I've tried the above patch with some bz2 files that previously failed and it seems to work fine. I also compared the resulting decompressed data byte by byte with the output of bunzip2.

jviotti commented 8 years ago

@regular ping!

regular commented 8 years ago

I am really not a fan of this patch. 1.2 is an arbitrary value, as you are aware of. Applying this "fix" would only obscure the root cause. What we need to do is understanding what's really going on. Unfortunately I do not have the resources right now to do so. Maybe you can have a closer look (again)? There's a tool in the bzip2 package that outputs frame boundaries. Maybe that's helpful.

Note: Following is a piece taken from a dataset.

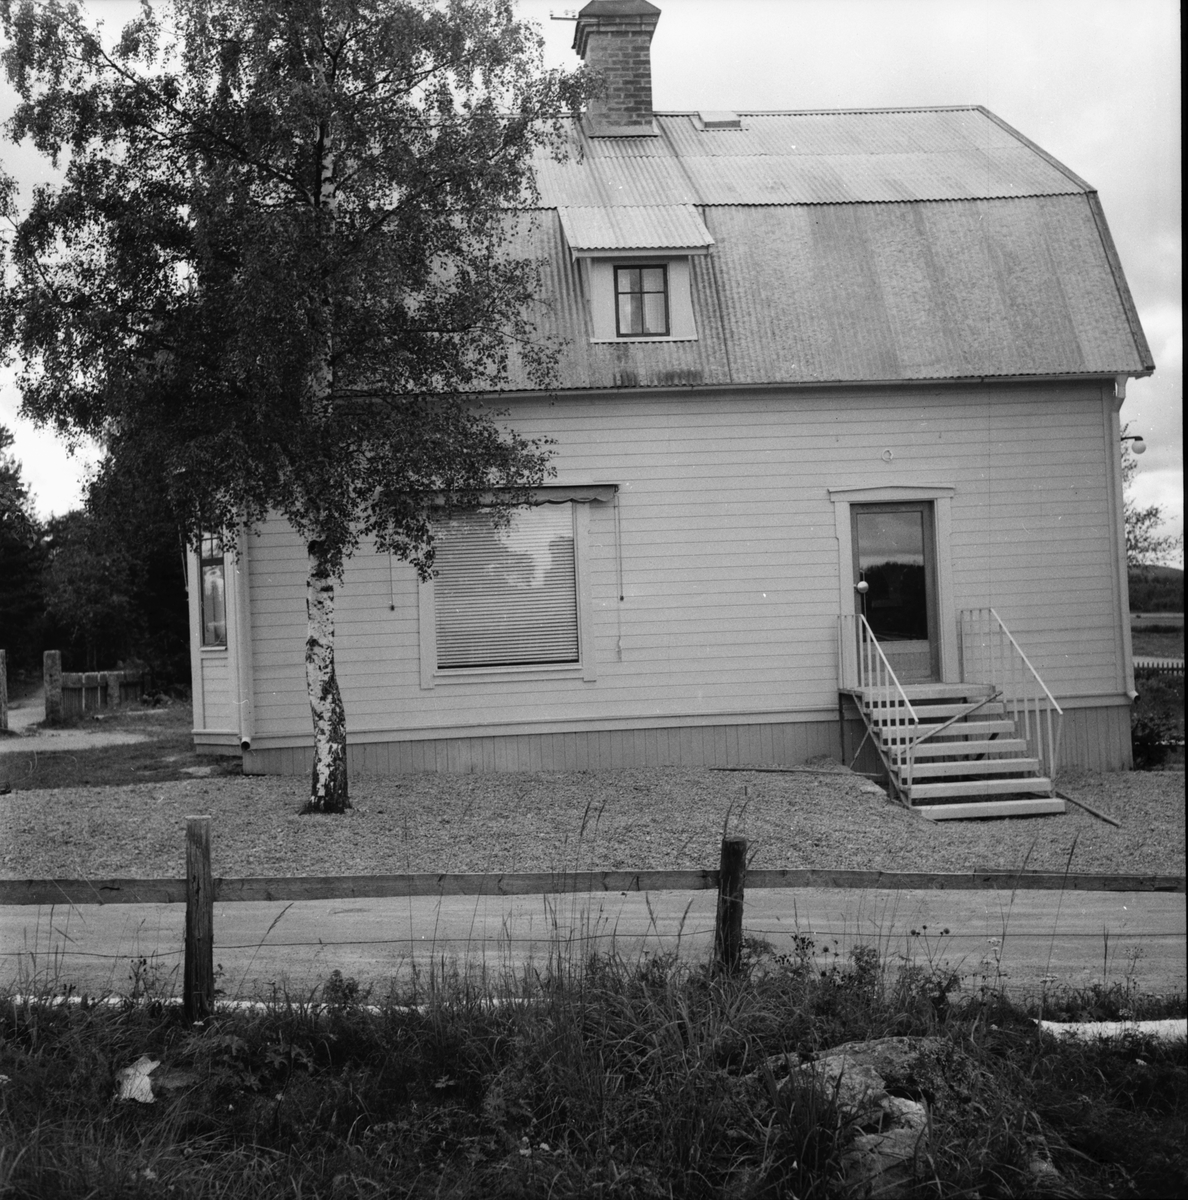 Affär som renoverats.
Hässja augusti 1956

regular commented 8 years ago

Oh, you need it for Etcher? That's an electron-based app, right? Then there's no need to decompress using Javascript at all. There are much faster options using native code out there. This module is really only useful if you need to decompress inside a browser.

jviotti commented 8 years ago

@regular Yeah, fair enough.

Oh, you need it for Etcher? That's an electron-based app, right? Then there's no need to decompress using Javascript at all. There are much faster options using native code out there. This module is really only useful if you need to decompress inside a browser.

I've did some research on that in the past (albeit very little to be honest), however I couldn't find a native bz2 decompression module that worked fine as a transform stream. They either took the whole file as a buffer, or their fibers-based stream examples didn't work as expected (the resulting data was not correct).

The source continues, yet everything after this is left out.